Il c.d. Daspo Urbano

a) il divieto di accesso per violazione dell’ordine di allontanamento del sindaco

Sono qui necessarie alcune considerazioni preliminari:

1) trattandosi di un provvedimento di carattere amministrativo, non si sottrae alle garanzie previste dalla legge n.241 del 1990 e s.m.i. (diritto di accesso, di difesa, di partecipazione al procedimento con notifica del c.d. avvio, ecc.).
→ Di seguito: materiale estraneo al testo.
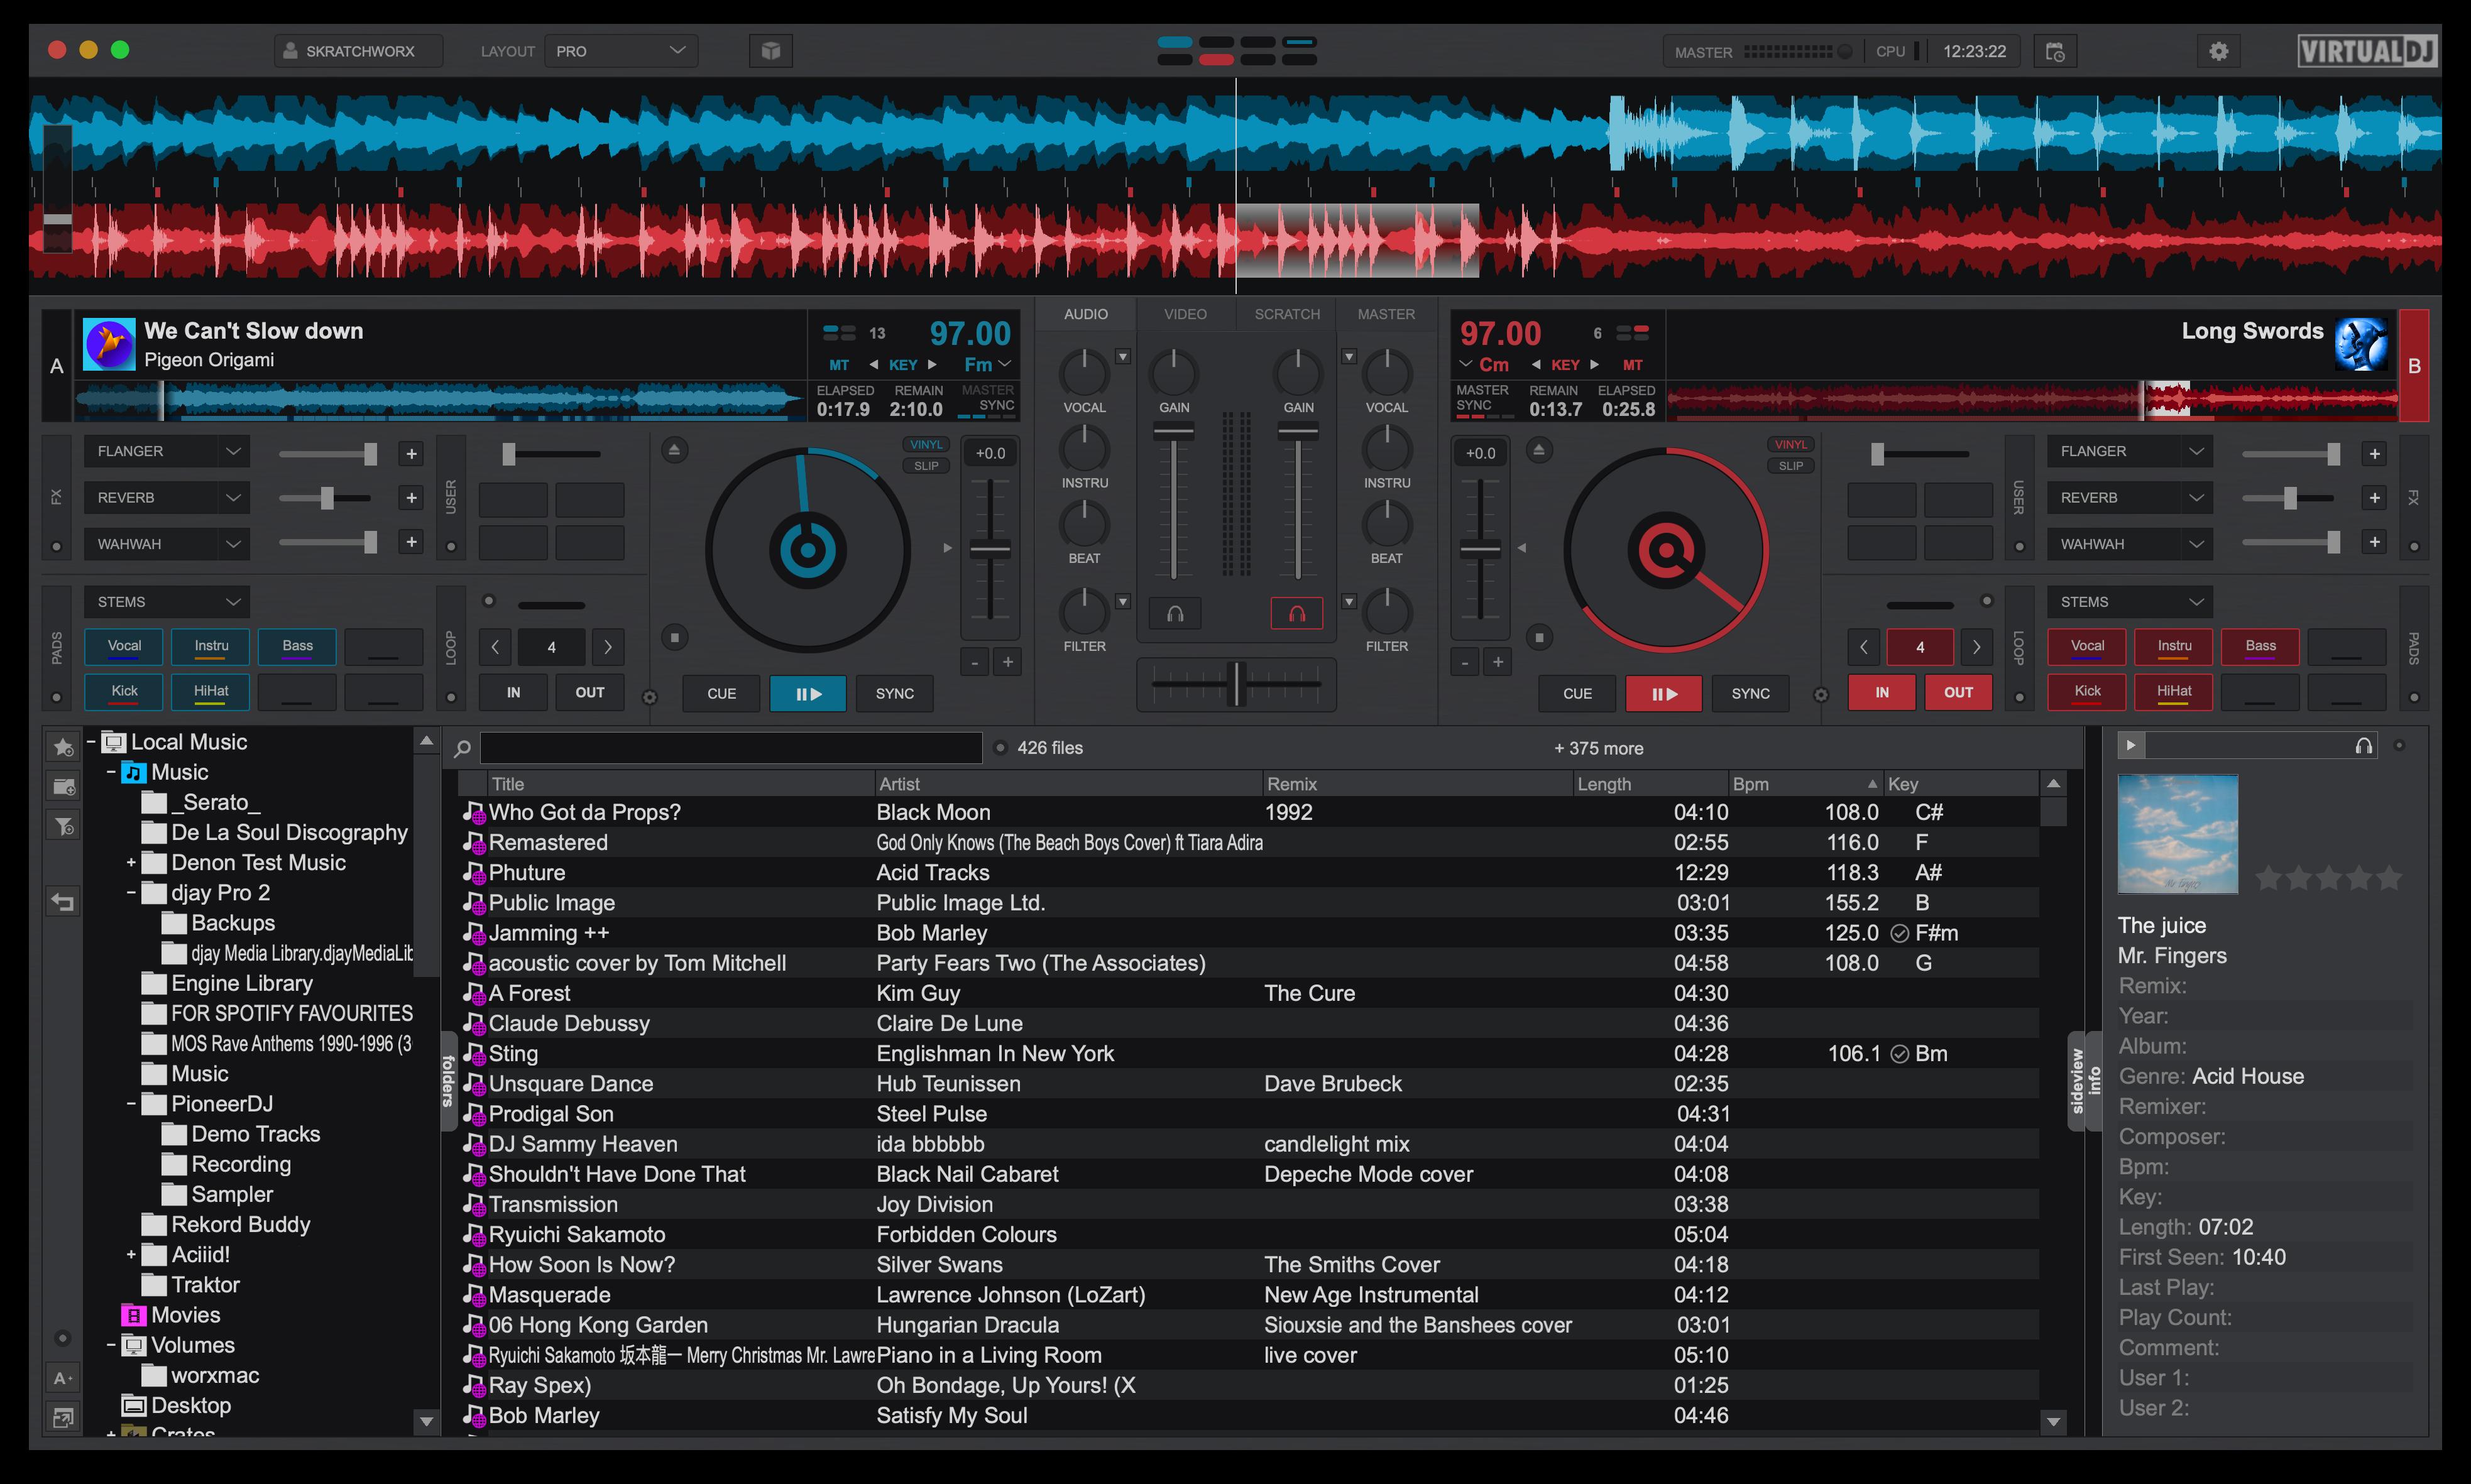 djay Pro AI Neural Mix VirtualDJ 2021 Spleeter stems audio source separation (3)
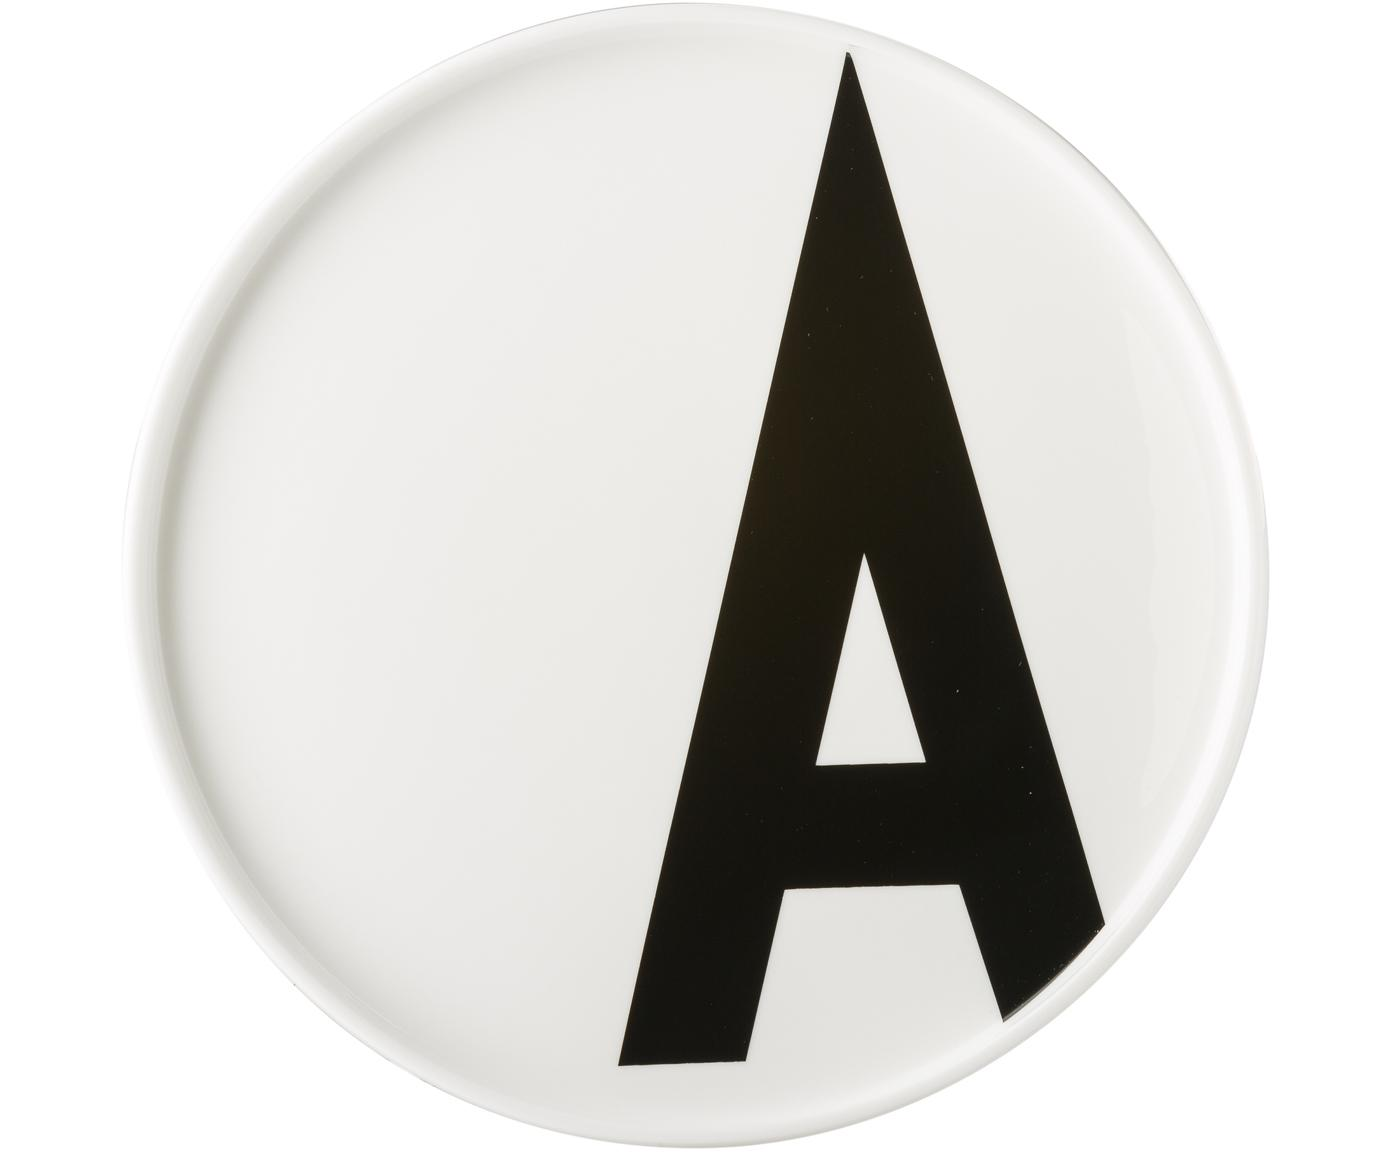 Plato Personal (variantes de A a Z), Porcelana fina, Blanco, negro, Ø 22 x Al 2 cm

A differenza dei provvedimenti monitori ( avviso orale, ammonimento), ove la natura stessa dell’atto giustifica la mancata adozione di quello che finirebbe col risolversi in un “avviso di un avvertimento”, l’omesso avvio deve essere adeguatamente motivato e trovare un chiaro fondamento in oggettive condizioni che suggeriscono di dare priorità alle esigenze di celerità e di immediata rimozione delle condizioni di pericolo per l’ordine e la sicurezza pubblica;

2) occorre comunque garantire una ponderata valutazione della condotta e della concreta pericolosità del soggetto; ma a questo punto, se ricorrono le condizioni (precedenti penali e di polizia, pericolosità della condotta e della persona, rischio di compimento di reati, mancanza di residenza stabile o domicilio abituale o documentati motivi di lavoro o altri plausibili interessi), potrebbe ritenersi più adeguata ed efficace la comminatoria di un foglio di via.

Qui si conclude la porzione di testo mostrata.